I haven't reported on the hair situation for a while so I figure it's time to do that. My hair is getting really long now. It's around 2-4 inches long depending on where you look. For those that haven't seen me, it is extremely curly. I have a spot about the size of my palm that is still very sparse. There is definitely shoots of hair there, just not in the volume that the rest of my hair is. I think that by the end of summer, I should be able to comb my hair over and no one would even notice the lack of hair. I still wear headbands and hats when I go out because it does still show but I'm getting braver and braver and wear them much less. I don't think I even take one to work with me 9 days out of 10. Really the only time I worry about it is in the sun and when I'm going to be around kids. I'm not worried about the kids but I know kids are inquisitive and I don't want them asking questions that will make their parents feel uncomfortable. I don't mind answering questions but I know what it's like being on the opposite side of the blunt and inquisitive child. Honestly, I look forward to the day that I don't have to even worry about it. I do enjoy wearing the headband or hat now and then but they give me pressure headaches so easily I like to avoid them on the daily basis. Truth is, I have a large head physically and it's hard to find something that is not really tight on it. I often got pressure headaches from things on my head before surgery and it's just been intensified since. In the meantime, I'm trying to keep it from getting sunburnt and encouraging it to continue to grow fast with natural shampoos and conditioners.

Work/Family/Play - Today is the start of our third week of shutdown in 2009. Really, I don't mind them much.

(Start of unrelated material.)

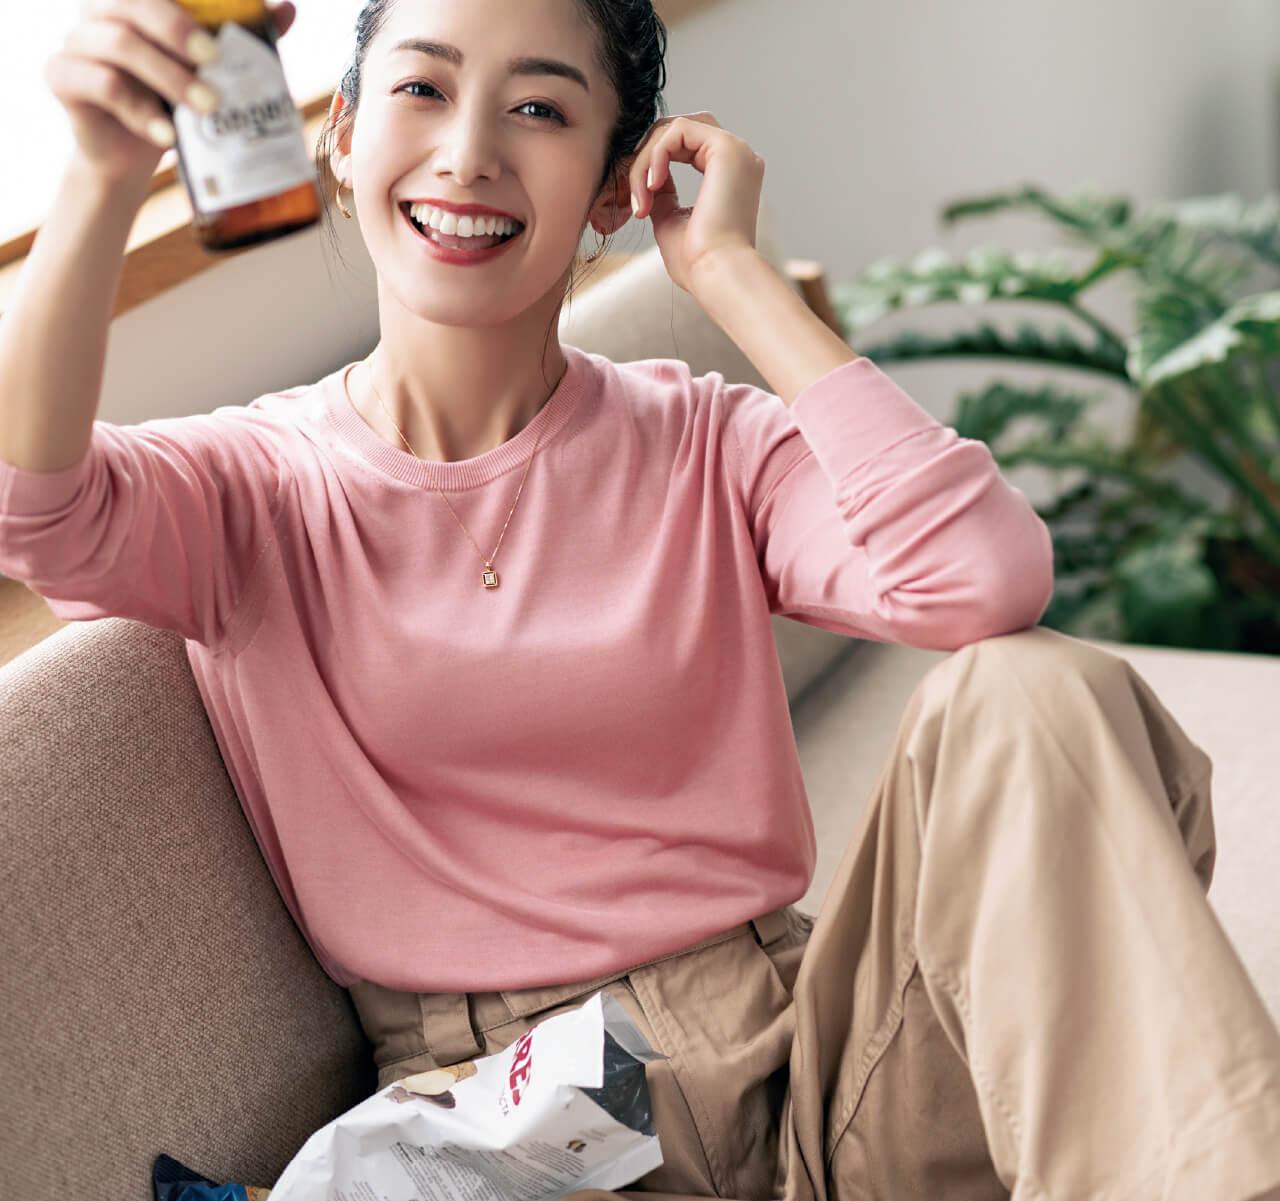 橋本優子さん オンライン飲み会×ダイヤモンドネックレス

I basically think of them as extra weeks of vacation. When you tally in unemployment, we really are not being hurt all that much financially. Even if I didn't have unemployment, I've got quite the emergency fund set up. After this week, we have two more weeks that have already been scheduled. One is the week of Relay (this works out so well for me) and the other is the week after the 4th of July. This week I'm going to be putting the pedal to the metal in getting things ready for Relay. We have trees to make, money to sort out, things to put out on the Relay web, kids games to create, etc. We are also going to work on my son's consumers project for 4H.

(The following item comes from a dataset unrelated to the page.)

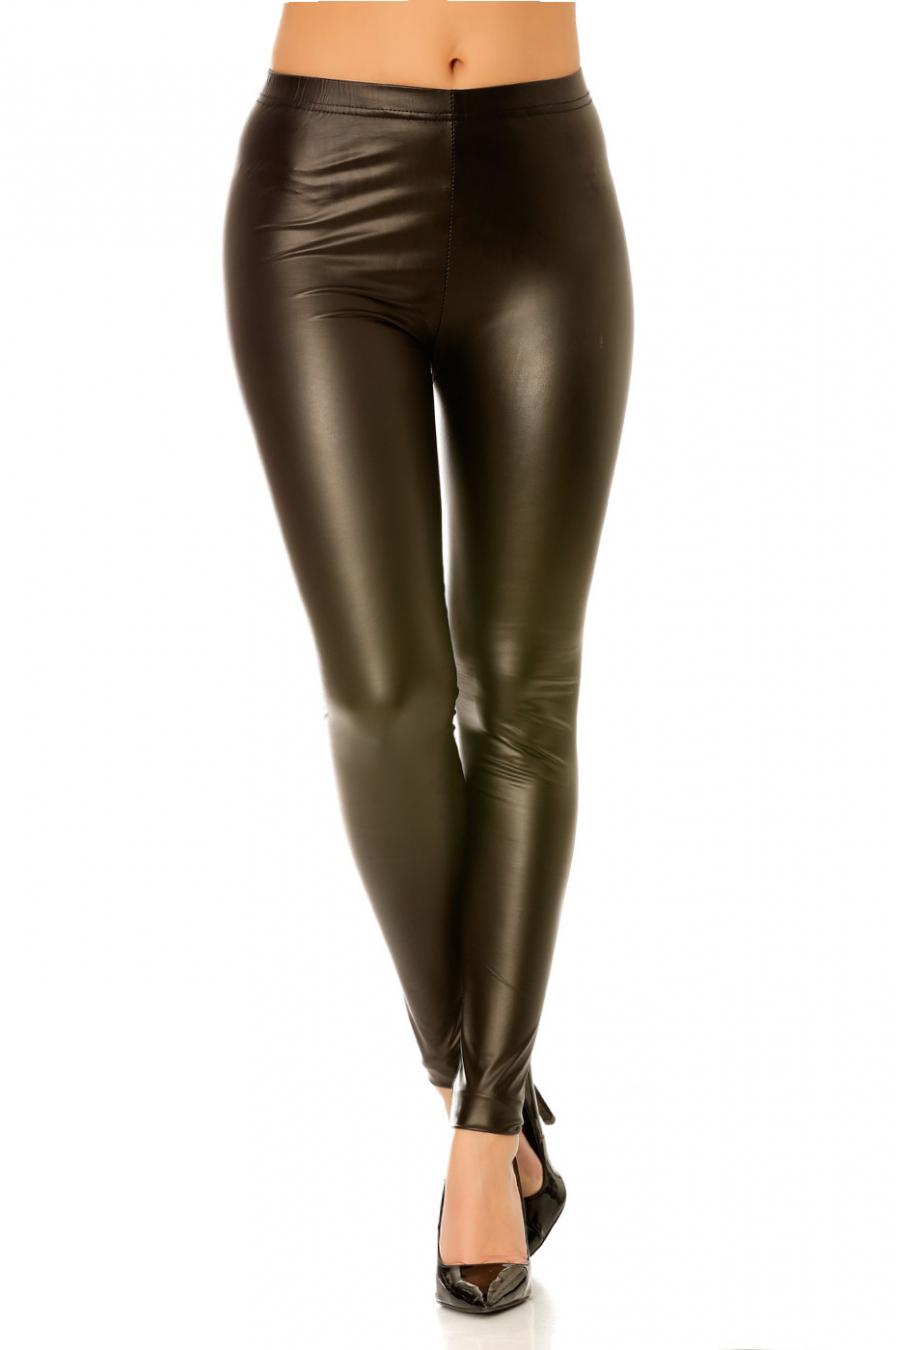 Zwarte imitatieleren legging met lage taille. 9909

I recently found out that my son's grades are not as good as I had the impression. I'm still not certain that he's going to manage to pull off all passing grades this quarter. Most of it is because of him being stubborn and not asking for help when he doesn't understand something. It drives me nuts. I can understand him not asking in class but he has a mom that is very good at every subject but reading/english and I think he should use me more. When I was looking over and explaining his math to him, he was getting 100% on his test because he actually understood the material. All of a sudden, he stopped doing that and the "C" he was carrying at midterm proves that. *sigh* I find it hard to deal with him attitude on grade and school. I was always the exact opposite. I loved school and I excelled academically. I guess he is just his father's boy thru and thru.

Outside of that he continues to grow up a lot physically and maturity wise. He did get into serious trouble recently because he created a Facebook account even though I had told him multiple times no. He is now finding himself grounded from the computer as a result. I just don't think he's ready in maturity for an account such as Facebook and when you live in a smaller town, it's too easy for someone to find you.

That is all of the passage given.